Walter Powys

Personal information
- Full name: Walter Norman Powys
- Born: 28 July 1849 Titchmarsh, Northamptonshire, England
- Died: 7 January 1892 (aged 42) Nottingham, Nottinghamshire, England
- Height: 5 ft 11 in (1.80 m)
- Batting: Left-handed
- Bowling: Left-arm roundarm fast
- Relations: Arthur Powys (brother) Richard Powys (brother) Arthur Crichton (uncle)

Domestic team information
- 1871–1874: Cambridge University
- 1877–1878: Hampshire
- 1877–1879: Marylebone Cricket Club

Career statistics
| Competition | First-class |
| Matches | 27 |
| Runs scored | 244 |
| Batting average | 6.97 |
| 100s/50s | –/– |
| Top score | 30 |
| Balls bowled | 3,163 |
| Wickets | 98 |
| Bowling average | 14.44 |
| 5 wickets in innings | 6 |
| 10 wickets in match | 3 |
| Best bowling | 9/42 |
| Catches/stumpings | 9/– |
- Source: Cricinfo, 14 June 2022

= Walter Powys =

English cricketer

Walter Norman Powys (28 July 1849 — 7 January 1892) was an English first-class cricketer. He played mostly for Cambridge University Cricket Club in first-class cricket and was most renowned for his exploits on his first-class debut, when he took 13 wickets, which included innings figures of 9 for 42. These remain as of 2023 the fifth-best innings bowling figures on debut in first-class cricket.

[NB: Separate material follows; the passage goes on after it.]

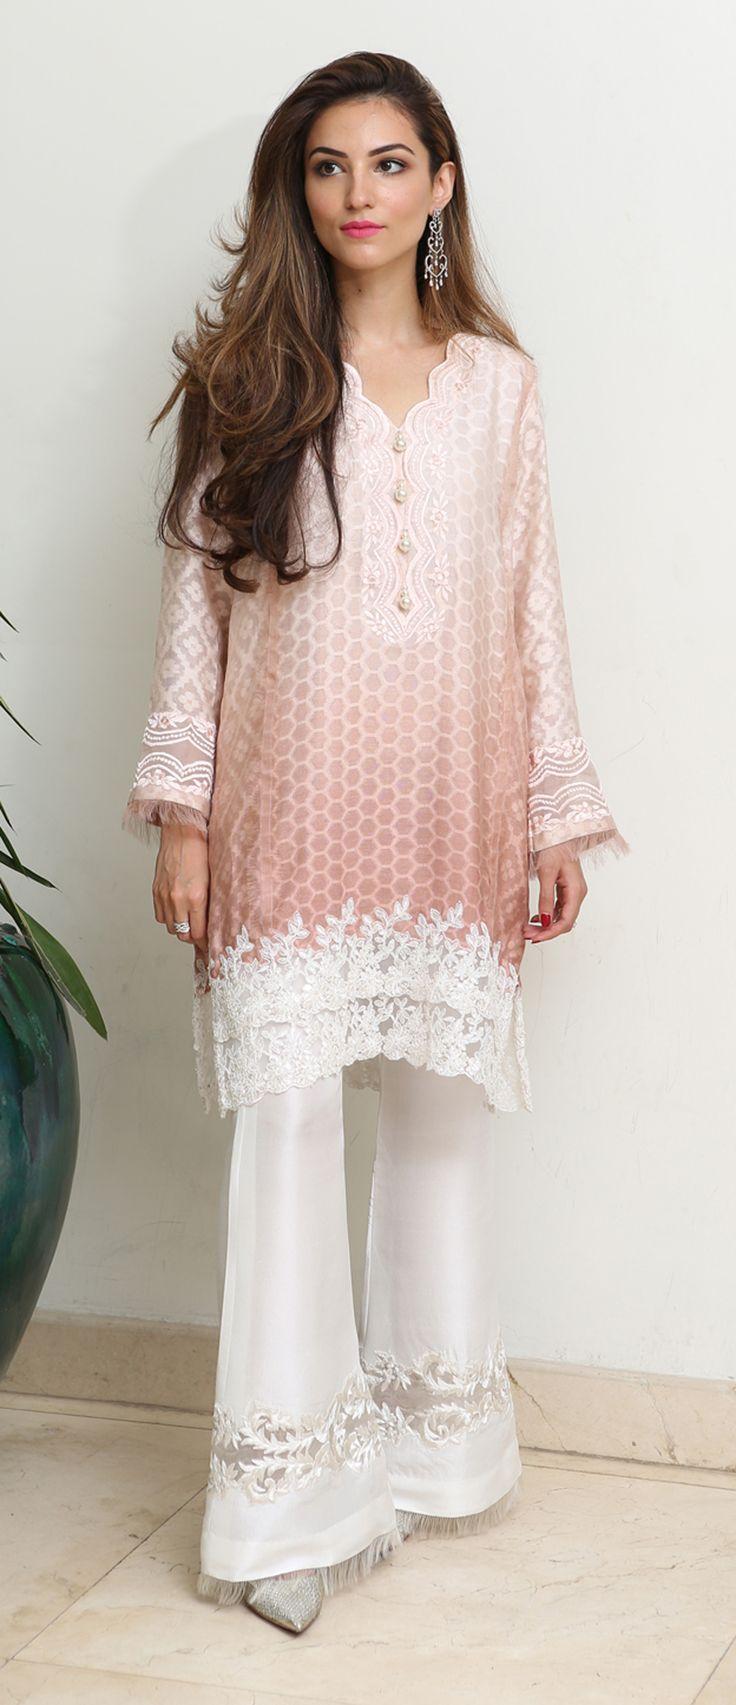 Numra-Waqas-Understated-elegance-in-Rema-Shehrbano.jpg 2,624×6,081 pixels

==First-class cricket and life==
Powys was the son of The Honourable and Reverend Atherton Legh Powys and Charlotte Elizabeth Norman, he was born in July 1849 at Titchmarsh, Northamptonshire. After being privately educated, he matriculated to Pembroke College, Cambridge in 1870; his academic studies were characterised by interruptions, with him being readmitted to the university in 1874 and 1877, finally graduating in 1879. Powys was a member of the Cambridge University Cricket Club and made his debut in first-class cricket for the club against the Marylebone Cricket Club at Fenner's in 1871. He played first-class cricket for Cambridge until 1874, making eighteen appearances. These included three appearances in The University Matches of 1871, 1872 and 1874, taking 24 wickets in these matches with his left-arm roundarm fast bowling. In his eighteen appearances for Cambridge, he took a total of 78 wickets at an average of 11.42; he took a five wicket haul on five occasions and twice took ten wickets in a match. His best innings figures of 9 for 42 came on debut against the Marylebone Cricket Club in 1871; these figures rank as the fifth-best innings bowling figures on debut in first-class cricket. He was described by the magazine Cricket as a bowler who bowled at terrific pace. He was the honorary secretary of Cambridge University Cricket Club in 1873, a season in which he did not feature for Cambridge due to commitments in the United States.

Powys also played first-class cricket for a number of other teams, including the Gentlemen of the North in 1871, for the Gentlemen in the 1872 Gentlemen v Players fixture, for the MCC on three occasions from 1877 to 1879 (and for their gentlemen's team in 1872), and for the Orleans Club against the touring Australians in 1878. He also played first-class matches for Hampshire, having qualified to play for the county through residency (his father was a Reverend in Southsea, Hampshire). However, he only made two appearances for Hampshire, against Derbyshire at Southampton in 1877 and Kent at Tunbridge Wells in 1878. His overall tally of first-class wickets was 98 at an average of 14.44, with six five wicket hauls and three ten wicket hauls in a match. Wisden described him as "one of the best amateur fast bowlers in England".

Whilst at Cambridge, Powys studied law and was admitted to Lincoln's Inn in 1878, however he was not called to the bar. He instead went into business in Nottingham. Owing to ill-health, Powys spent sometime in the United States on medical advice, but returned invalided. He died at Nottingham on 7 January 1892, leaving behind a widow, Ada, whom he had married in March 1880. His brother's, Arthur and Richard, also played first-class cricket, as did his uncle, Arthur Crichton.